Arkadaşlar, ülkede işsizlik -TÜİK verileriyle- nisan ayında yüzde 11,3 olurken işsiz sayısı 3 milyon 853 bin kişiye yükseldi. 2018 küresel ekonomik krizinde enflasyon yüzde 20,30'du. "Her sorunu çözeceğiz, bunun anahtarı Cumhurbaşkanlığı hükûmet sisteminde." dediniz; aradan dört yıl geçti, makyajladığınız TÜİK verileriyle enflasyon yüzde 73,50.

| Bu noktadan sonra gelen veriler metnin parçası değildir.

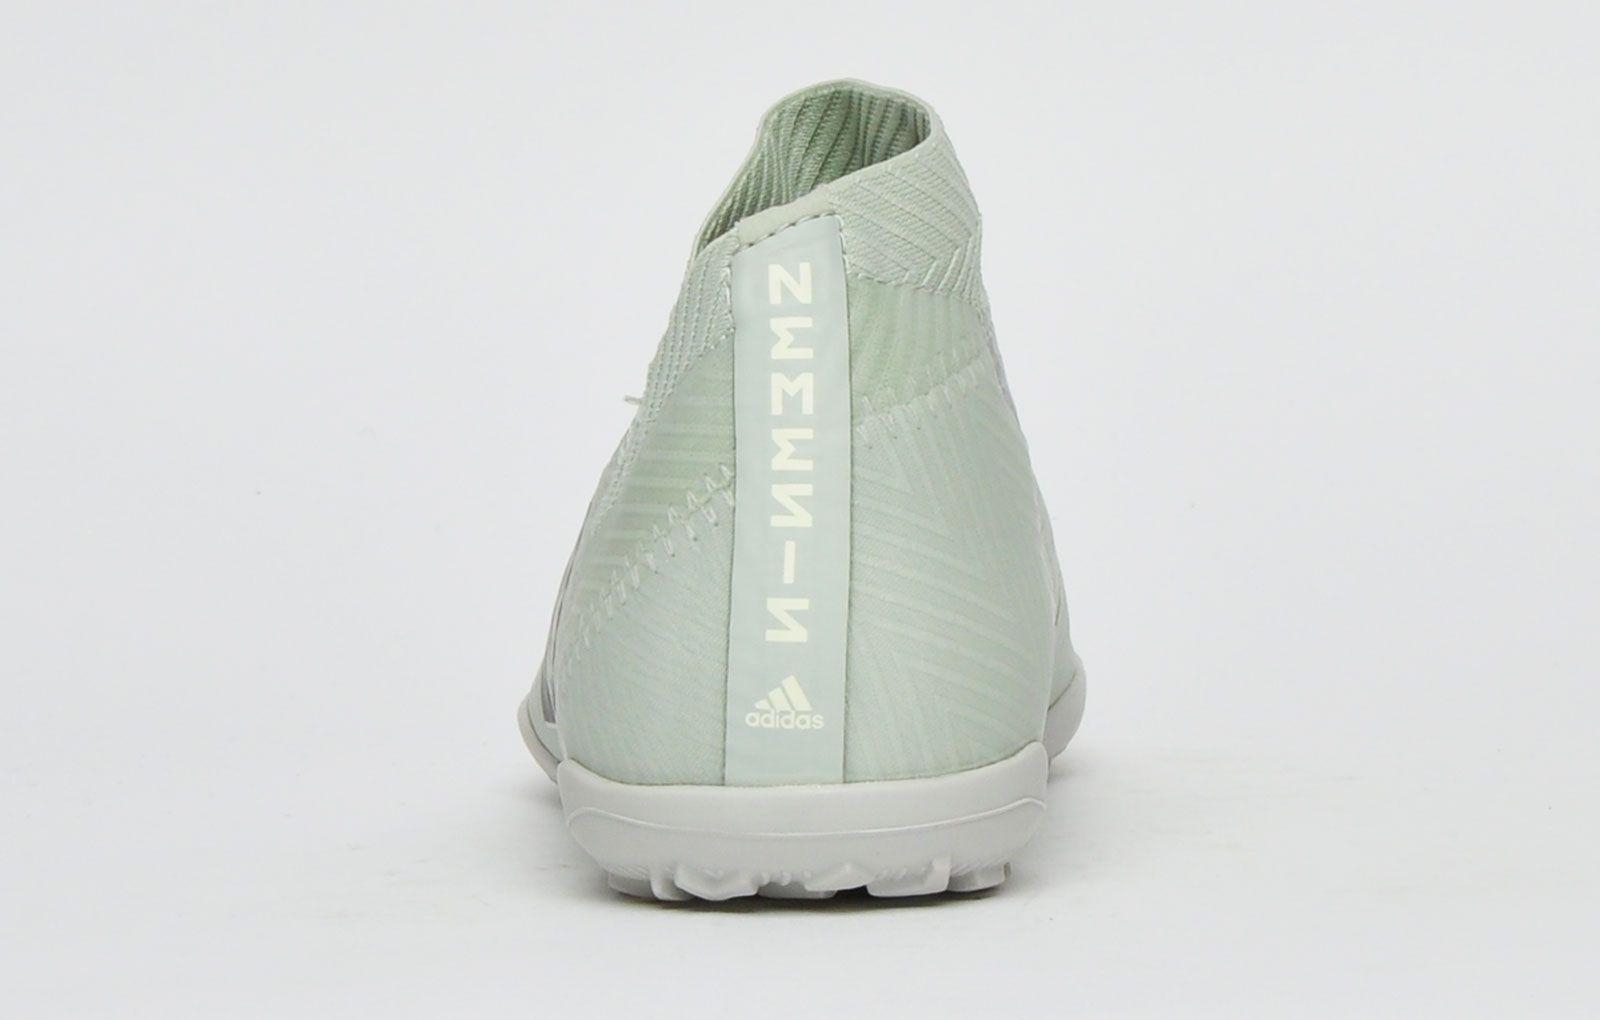 Adidas Nemeziz Tango 18.3 TF Junior
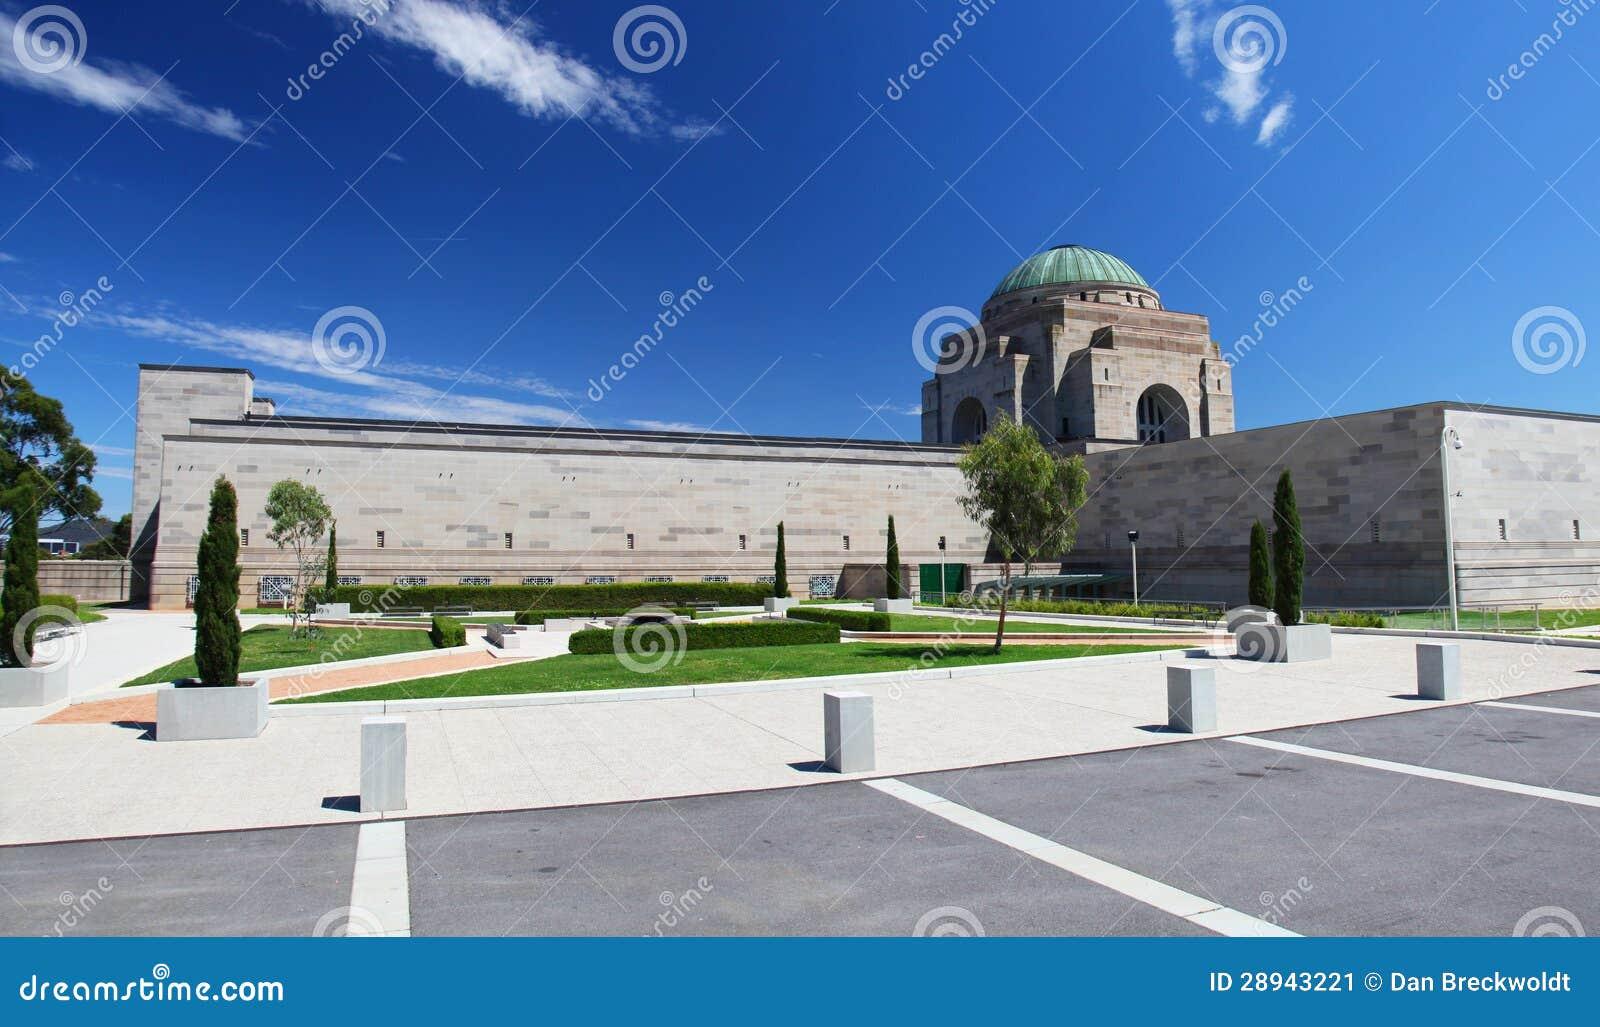 Het Australische Gedenkteken van de Oorlog in Canberra

Vatandaş kan ağlıyor. 2018'de küresel bir kriz yaşandı, o dönem vatandaşın borcu 550 milyar liraya ulaşmıştı. Cumhurbaşkanı Erdoğan "Bu kardeşinize yetkiyi verin." dedi, vatandaş da yetkiyi verdi, 2018'de Cumhurbaşkanlığı hükûmet sistemi hayata geçti, vaatler havada uçuştu: "Mevcut rejimdeki bürokratik engeller aşılacak; daha hızlı, etkili ve istikrarlı bir karar alma mekanizması kurulacak." "Ekonomik olarak yapısal reformlar hayata geçirilecek ve istikrar ortamı oluşacak." dediniz. Sene 2022, aylardan haziran; dört yıl sonunda vatandaşın borcu 2018'in 2 katını aştı, 1 trilyon 200 milyon liraya ulaştı. Cumhurbaşkanlığı hükûmet sisteminin 4'üncü yılında daha ağır bir kriz yaşıyoruz; vatandaş krediyle yaşamını döndürmeye çalışırken BDDK asgari ödeme limitlerini artırıyor, kredi koşullarını ağırlaştırıyor. Vatandaşın borçlanmasını düşürelim diye bulduğunuz yöntem vatandaşa çözüm değil, çözümsüzlük getirecek. Bunu da görmüyorsunuz, bu düşük gelire ve yüksek giderlere çare bulamıyorsunuz. Her gün bir sonraki günden ucuz akaryakıt alınıyor, her gece yeni bir zam; eskiden kuruş kuruş gelen zamlar, şimdi lira lira olmuş, vatandaşın üzerine yağmur gibi zamlar geliyor. Akaryakıt fiyatları 30 liraya dayandı, artış bir yılda yüzde 200'ü geçti, vatandaş da artık pes etti, akaryakıt istasyonlarında kuyruğa kimse girmiyor çünkü yakıt alacak parası kalmadı artık. Kontağı çevirmeye korkan vatandaş tatil planlarını erteliyor, şehirler arası otobüslere sürekli zam geliyor. Kepenk kapatma noktasına gelen otobüs firmaları uyarıyor, "Acil çözüm gelmezse zincirleme iflaslar yolda." diyorlar. Bu fiyatlarla taşımacılık maliyetleri artıyor, iğneden ipliğe her ürüne doğrudan yansıyan zamlar oluyor. Antalya'dan İstanbul'a güncel yakıt fiyatlarıyla 1 kilo ürünün lojistik maliyeti 2 lirayı buluyor. Gidişat artık o kadar kötü ki "Bunu nasıl çözeriz?" yerine "Nasıl gizleriz?" diye TÜİK eliyle çözüm üretiliyor, enflasyon sepeti verileri gizleniyor.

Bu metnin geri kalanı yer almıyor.